**Action item:** Every line of the records below from the line with "Subaru 0 Financing" up to and including the line with "Sabina photographed inside" must be reproduced exactly, and no line outside that range.
··· Source information ···
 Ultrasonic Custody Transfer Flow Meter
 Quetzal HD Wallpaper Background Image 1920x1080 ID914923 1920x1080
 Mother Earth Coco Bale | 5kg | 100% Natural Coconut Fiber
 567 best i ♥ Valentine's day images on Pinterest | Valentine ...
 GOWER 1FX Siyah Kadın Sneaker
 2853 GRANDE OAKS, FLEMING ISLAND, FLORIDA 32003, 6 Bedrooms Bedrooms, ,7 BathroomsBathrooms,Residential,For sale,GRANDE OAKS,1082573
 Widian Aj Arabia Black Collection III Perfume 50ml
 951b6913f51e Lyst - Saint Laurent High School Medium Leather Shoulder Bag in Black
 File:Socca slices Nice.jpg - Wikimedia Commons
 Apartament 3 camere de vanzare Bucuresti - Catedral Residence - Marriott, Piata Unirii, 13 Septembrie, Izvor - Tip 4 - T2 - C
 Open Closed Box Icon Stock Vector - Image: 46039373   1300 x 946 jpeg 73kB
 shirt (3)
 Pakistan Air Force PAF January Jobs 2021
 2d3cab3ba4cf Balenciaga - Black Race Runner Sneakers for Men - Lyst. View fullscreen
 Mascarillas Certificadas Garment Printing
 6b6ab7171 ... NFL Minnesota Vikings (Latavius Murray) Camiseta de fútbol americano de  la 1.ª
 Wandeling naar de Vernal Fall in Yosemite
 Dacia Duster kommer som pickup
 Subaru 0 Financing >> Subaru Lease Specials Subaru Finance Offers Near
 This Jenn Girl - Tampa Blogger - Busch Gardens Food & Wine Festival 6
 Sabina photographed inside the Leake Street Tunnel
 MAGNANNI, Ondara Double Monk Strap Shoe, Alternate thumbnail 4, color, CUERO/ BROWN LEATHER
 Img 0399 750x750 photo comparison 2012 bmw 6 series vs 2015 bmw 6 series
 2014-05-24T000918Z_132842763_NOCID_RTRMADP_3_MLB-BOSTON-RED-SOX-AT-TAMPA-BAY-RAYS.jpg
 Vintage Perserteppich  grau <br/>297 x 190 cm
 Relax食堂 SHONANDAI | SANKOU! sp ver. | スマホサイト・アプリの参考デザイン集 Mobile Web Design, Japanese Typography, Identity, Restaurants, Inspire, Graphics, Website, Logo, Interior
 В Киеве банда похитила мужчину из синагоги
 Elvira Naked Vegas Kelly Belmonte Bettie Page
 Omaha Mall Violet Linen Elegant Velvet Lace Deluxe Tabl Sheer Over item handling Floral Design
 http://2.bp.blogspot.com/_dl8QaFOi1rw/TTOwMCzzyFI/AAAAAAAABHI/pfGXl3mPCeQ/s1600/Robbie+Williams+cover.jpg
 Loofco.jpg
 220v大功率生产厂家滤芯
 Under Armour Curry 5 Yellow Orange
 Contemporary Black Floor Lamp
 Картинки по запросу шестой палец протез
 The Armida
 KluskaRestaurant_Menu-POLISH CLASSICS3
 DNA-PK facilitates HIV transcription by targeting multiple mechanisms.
···
**Solution for this problem:**
 Subaru 0 Financing >> Subaru Lease Specials Subaru Finance Offers Near
 This Jenn Girl - Tampa Blogger - Busch Gardens Food & Wine Festival 6
 Sabina photographed inside the Leake Street Tunnel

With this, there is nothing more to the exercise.